Вдруг я услышал, как хлопнула дверь, и кто-то прошел по комнате к балкону. И я увидел Сватаву. Не знаю, может, я тихо вскрикнул. Людвик обернулся, тоже увидел ее и, улыбнувшись, поднялся и направился к ней — она стояла в дверях, уже одетая в темное вечернее платье, а на глазах совершенно неподвижного лица все еще зеленели два листика. Людвик подошел к ней совсем близко и бережно снял их.
Вспыхнули большие карие глаза, призрачные, таинственные, насмешливые (первый женский эротический клоун!), глаза, которые, словно буйно растущий экзотический цветок, фотографы вскоре размножат во всех читательских домах. Однако не будем опережать события. Мы пока еще в июле 1966 года, на балконе домика в Ржечковицах, и Людвик приносит из комнаты еще один стул. Сватава садится к черепашьему панцирю, и нам подают чай. Верно, в мою честь, но к моему великому огорчению, ибо в Брно только я один умею готовить чай в моей конуре, где за картонной перегородкой старенький психиатр так же шумно всхрапывает, как в больших городских курантах стучит молоточек.

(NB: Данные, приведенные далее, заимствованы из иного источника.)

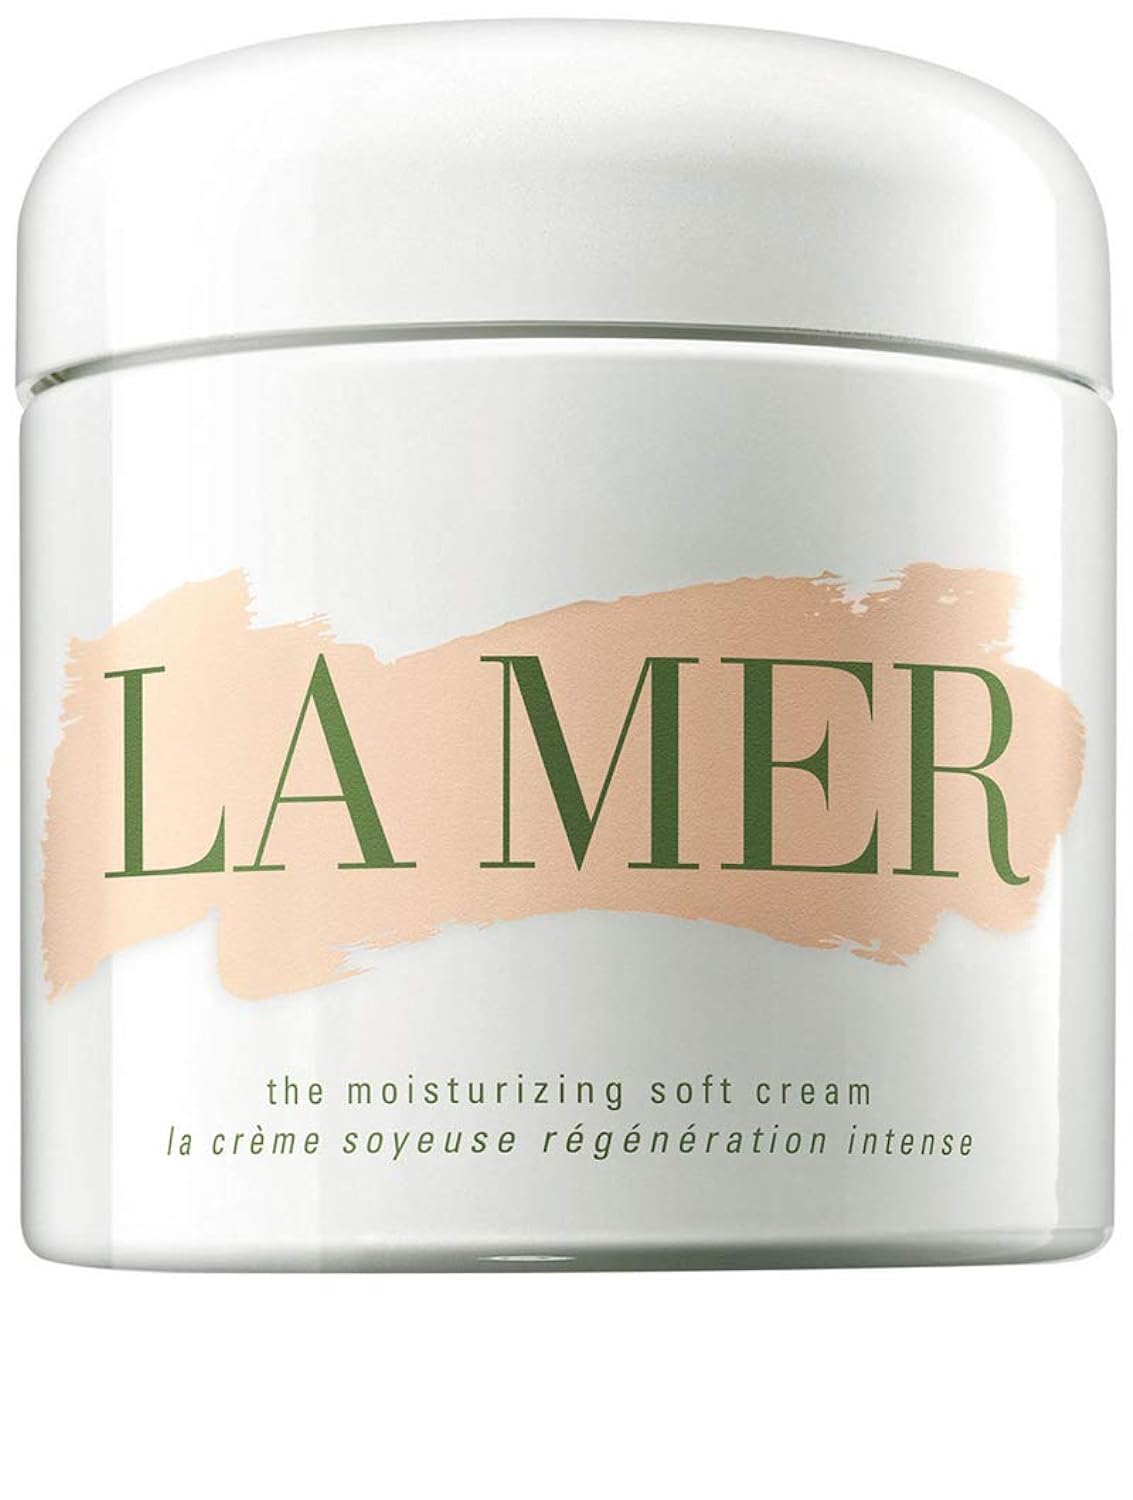 LA MER moisturizing soft cream 30 ml
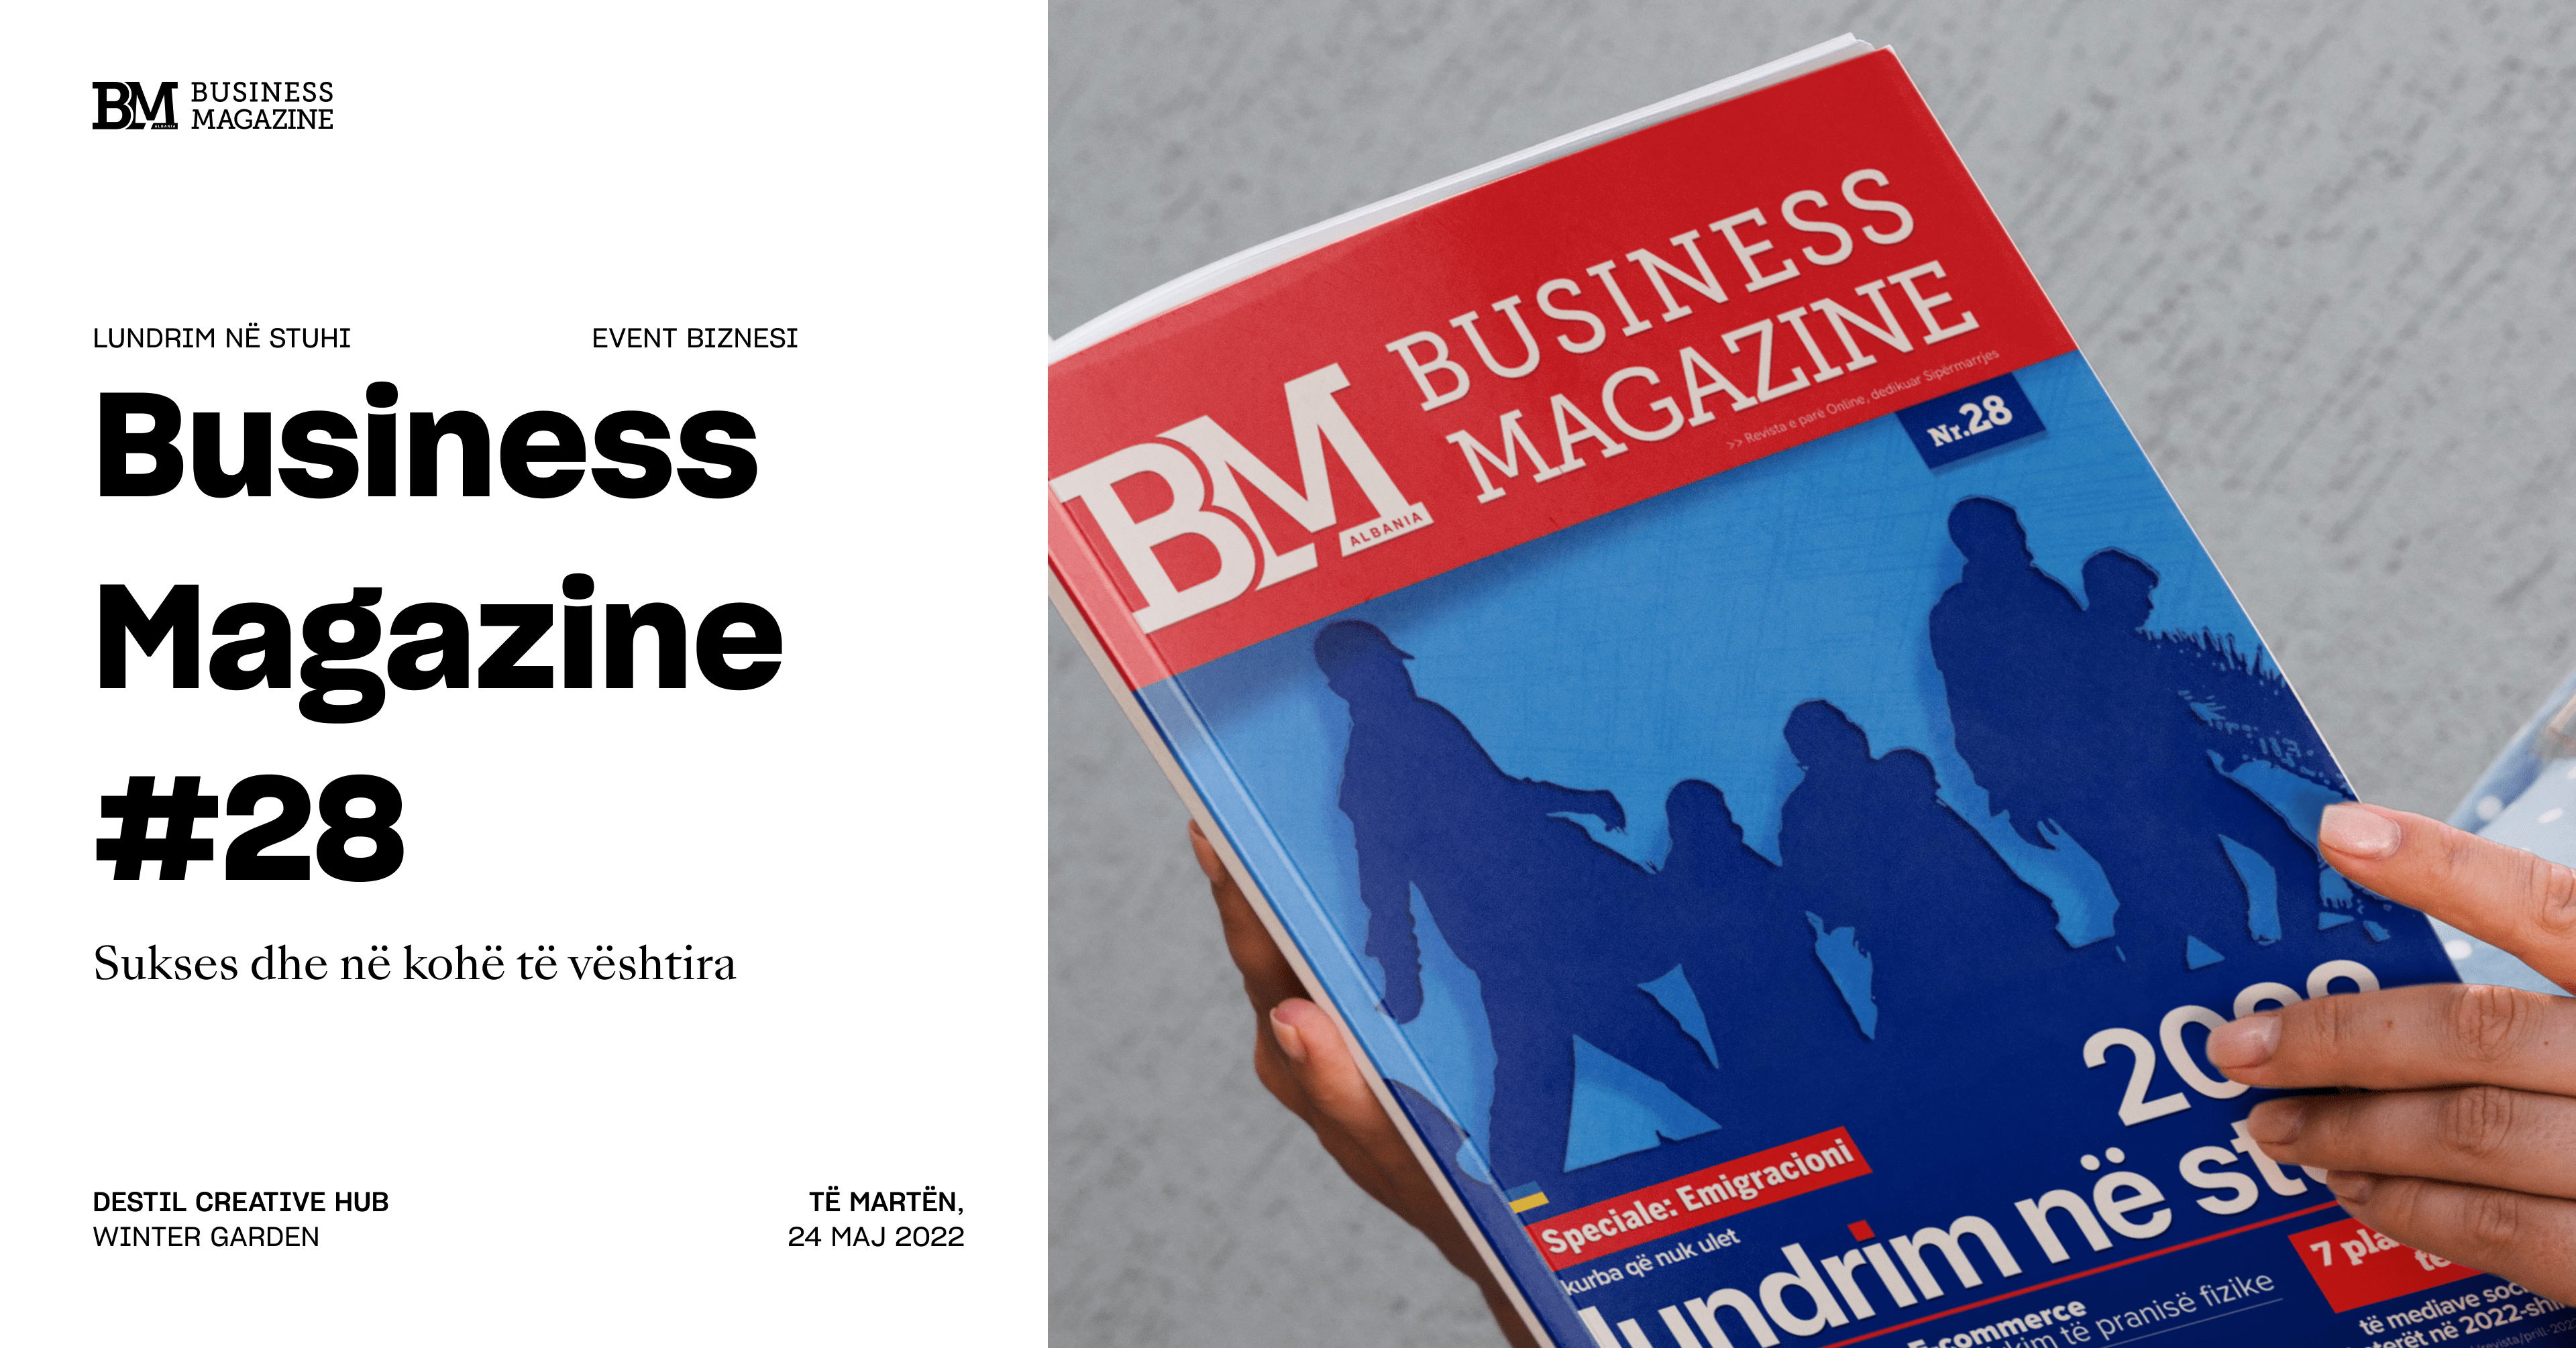 Business magazine Event

И только когда я прекрасным летним вечером (на трамвае!) ехал домой, до меня дошло, что обнаженная Сватава — это взятка, равноценная моему молчанию.
Все завертелось с такой быстротой, что я не успевал и отслеживать. В начале 1966 года вышел первый стихотворный текстик Людвика, опубликованный под именем Сватавы, а уже три месяца спустя вирши под ее именем стали регулярно появляться во всех литературных журналах. Это была разорвавшаяся бомба, осколки которой я находил буквально повсюду. В конце того же года вышел первый сборник стихов, а незадолго до визита патриарха английской поэзии — второй.
Первый сборник назывался «Фавн Марципан», что было сразу в яблочко, хотя бы ввиду созвучия с популярным в ту пору «Фанфаном Тюльпаном»…
И надо сказать, там были стихи, вполне покорившие меня (например, «В ситниках ночи горит линь золотой»), но в основном преобладали те, какие я без колебаний счел бы изощренным рифмоплетством. Ведь чешская поэзия сама себя пишет! За каждым новым стихом тихо трепещут тонны написанных: вся серебряная, золотая и платиновая сокровищница языка чешского!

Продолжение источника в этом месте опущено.